▶ [COLLECTED DATA]:
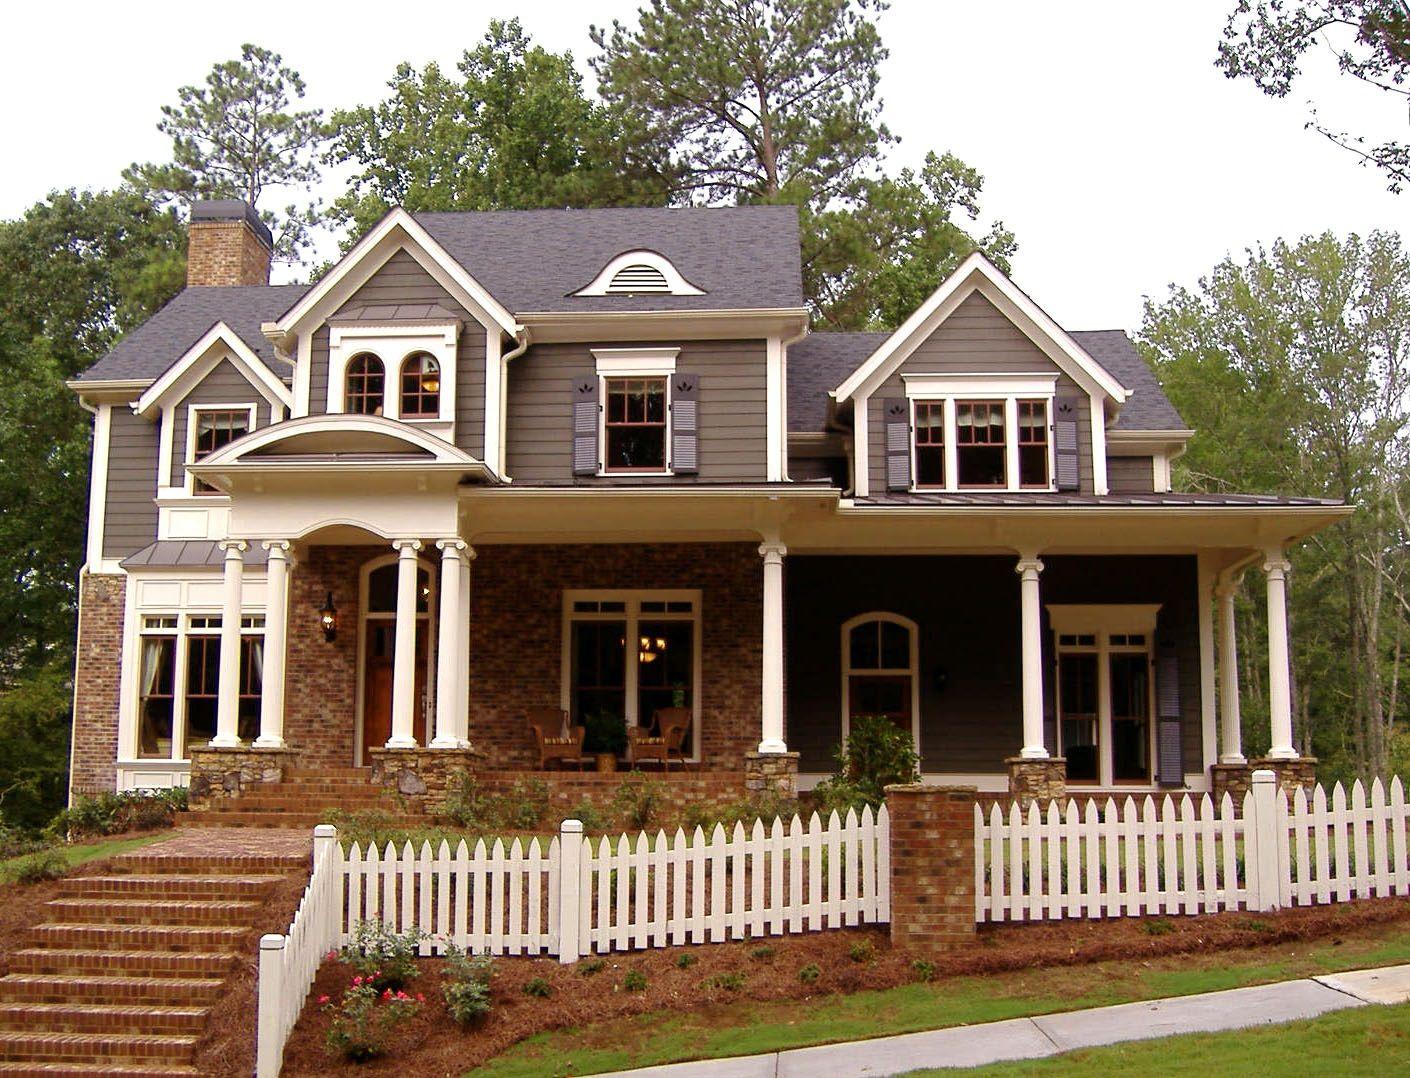 Foto De Casa Americana De Madera Y Ladrillo Visto Craftsman House Renting A House Home
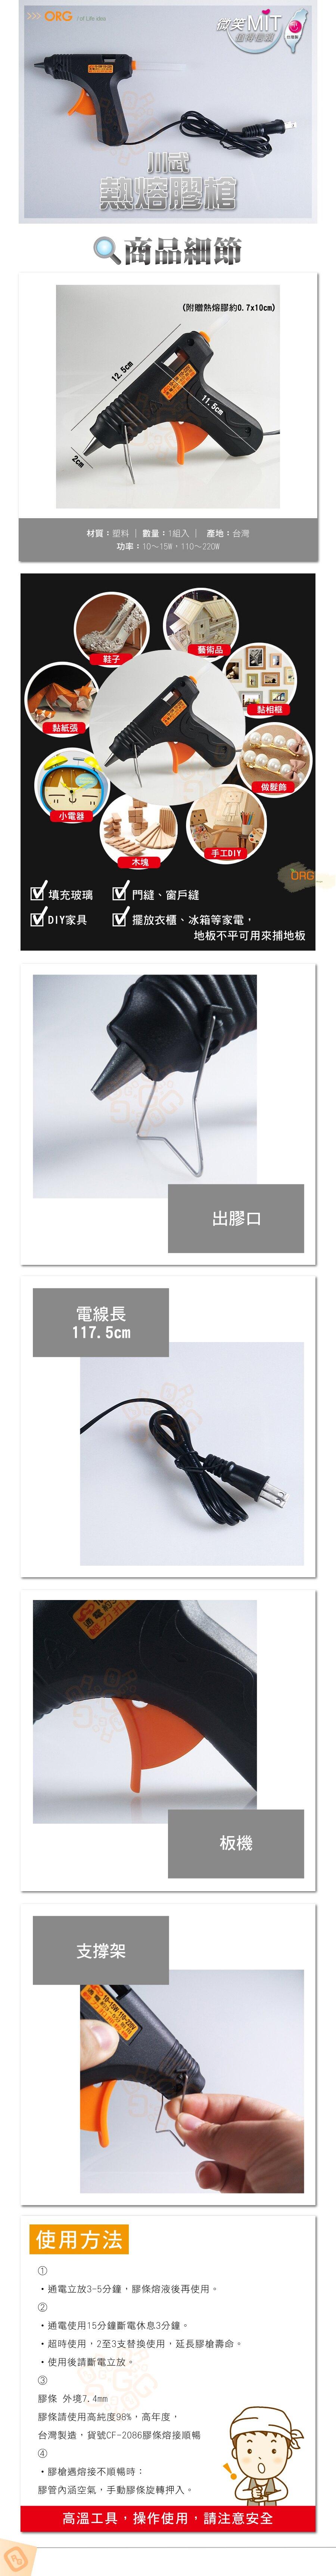 ORG《SD1417a》台灣製MIT~贈熱融膠條 熱熔膠槍 熱融膠槍 膠槍 打膠槍 膠棒 熱熔膠 手動膠槍 五金工具
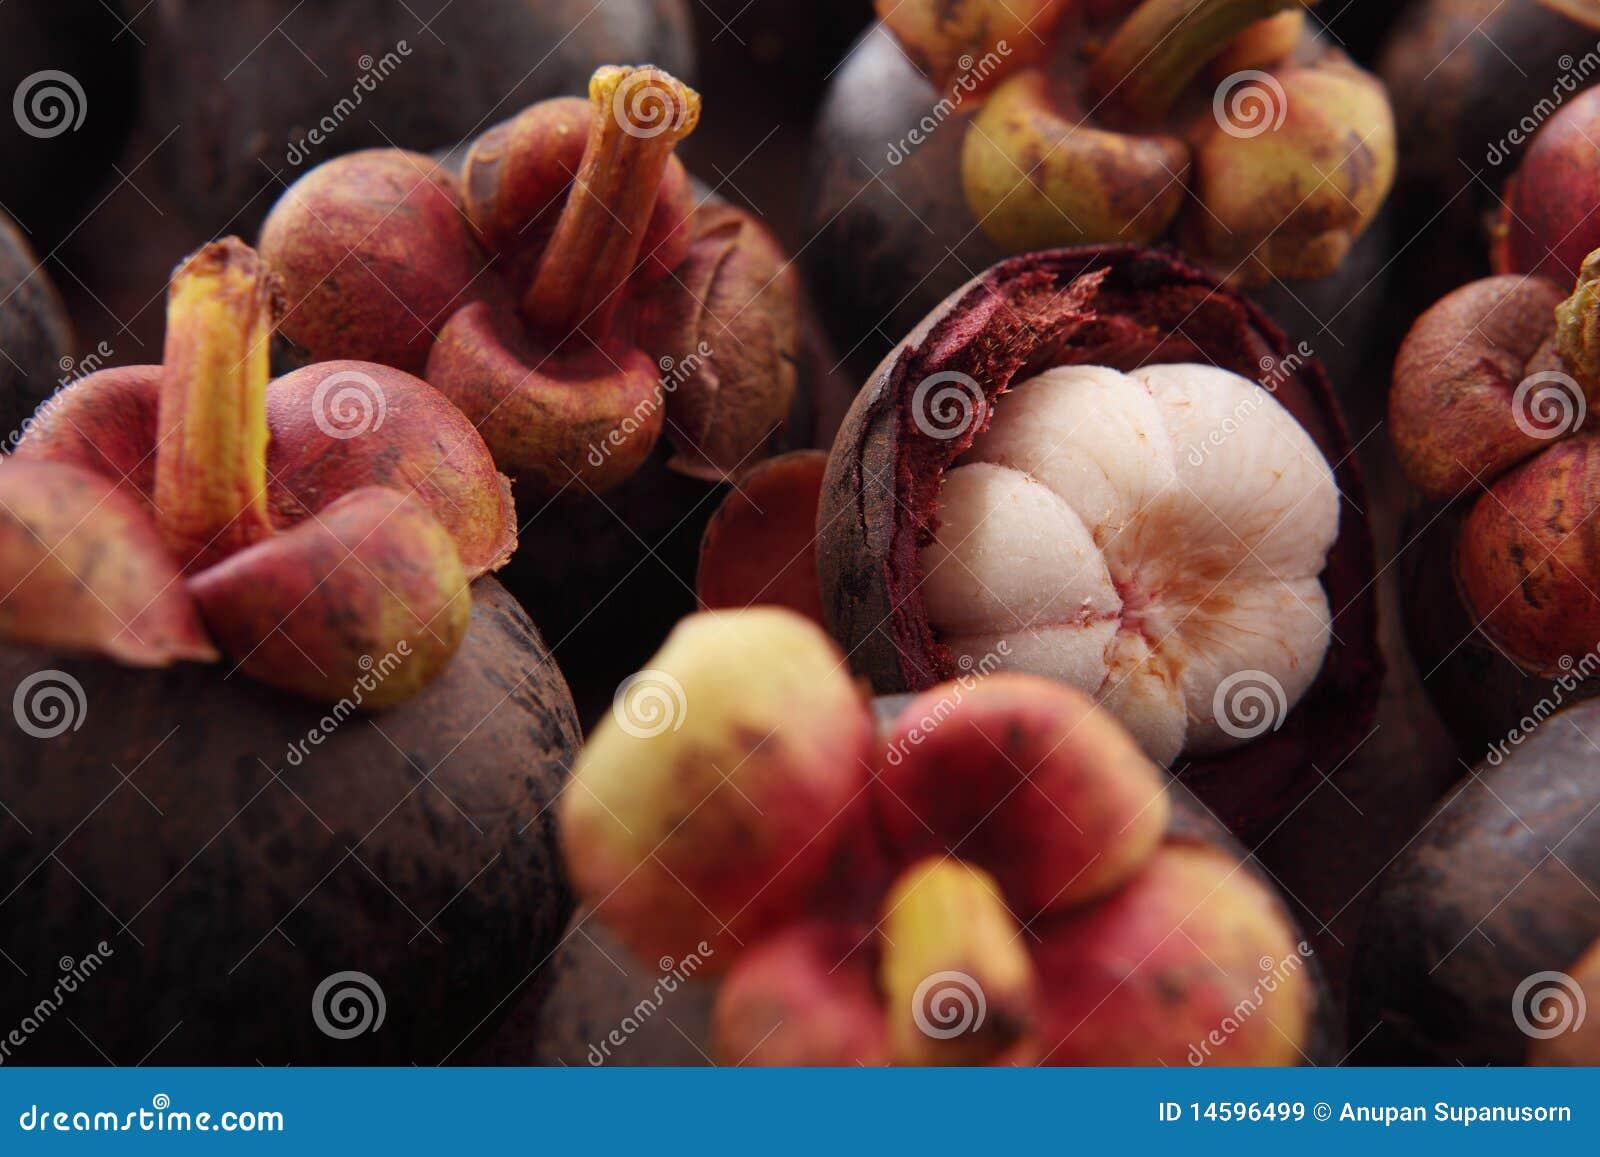 De pulp van de mangostan
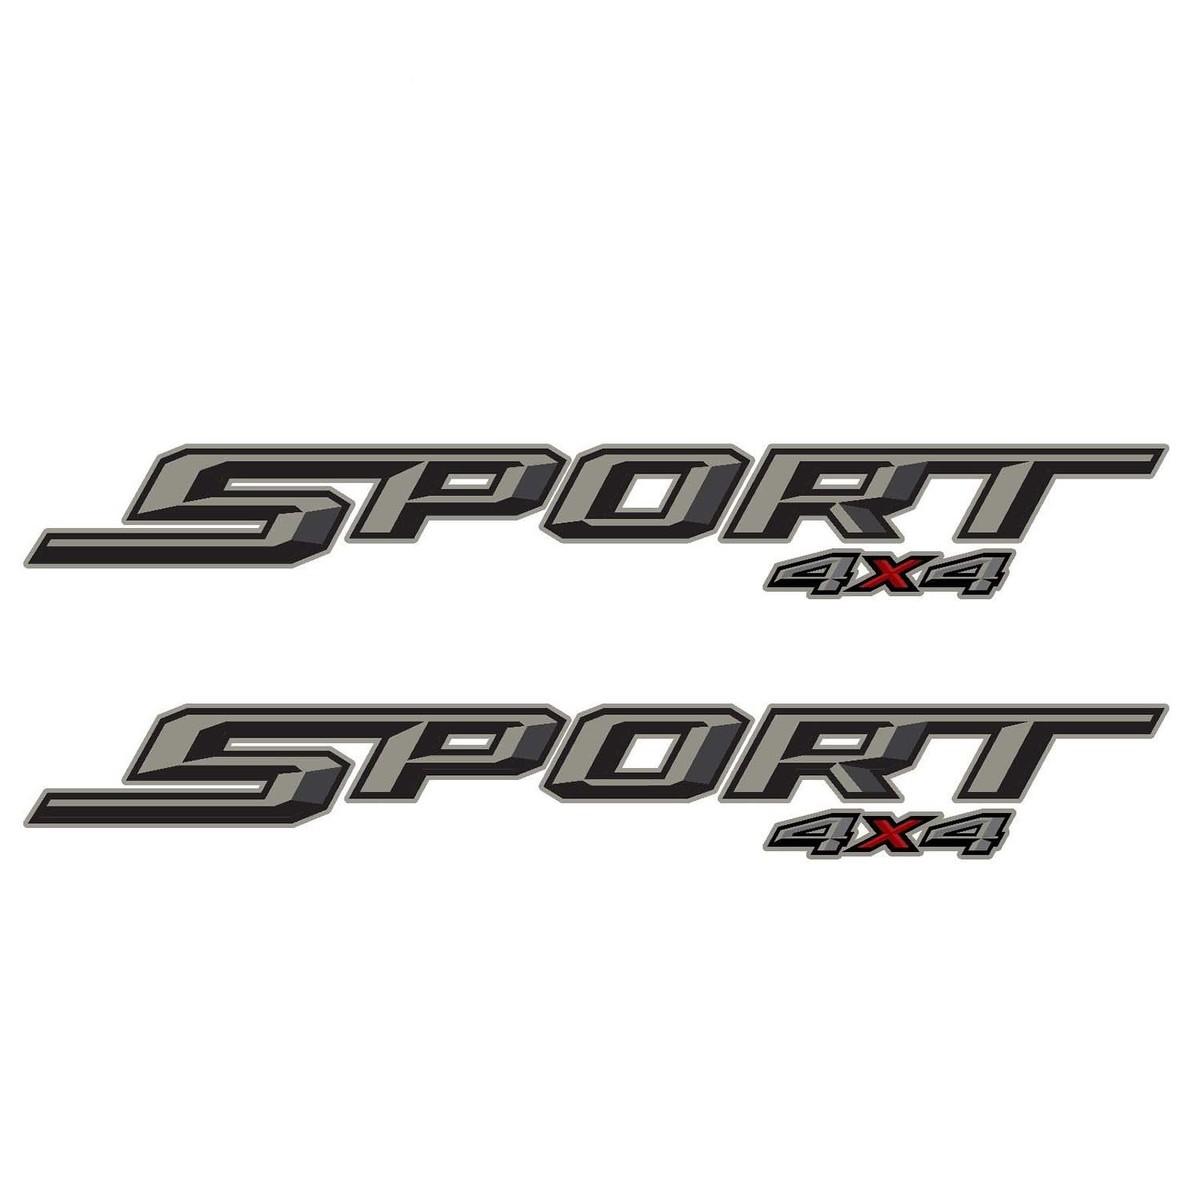 2er-Set: 2018 Ford F-150 F-250 Sport 4X4 Geländewagen-Aufkleber

▶ [WHAT YOU HAVE TO DO]: Everything from the line with "ORG《SD1417a》台灣製MIT~贈熱融膠條 熱熔膠槍 熱融膠槍" through the last line of the listing should be retyped exactly, with both end lines kept and the pictures left out.

▶ [SOLUTION FOR THIS PROBLEM]:
 ORG《SD1417a》台灣製MIT~贈熱融膠條 熱熔膠槍 熱融膠槍 膠槍 打膠槍 膠棒 熱熔膠 手動膠槍 五金工具
 De pulp van de mangostan
 2er-Set: 2018 Ford F-150 F-250 Sport 4X4 Geländewagen-Aufkleber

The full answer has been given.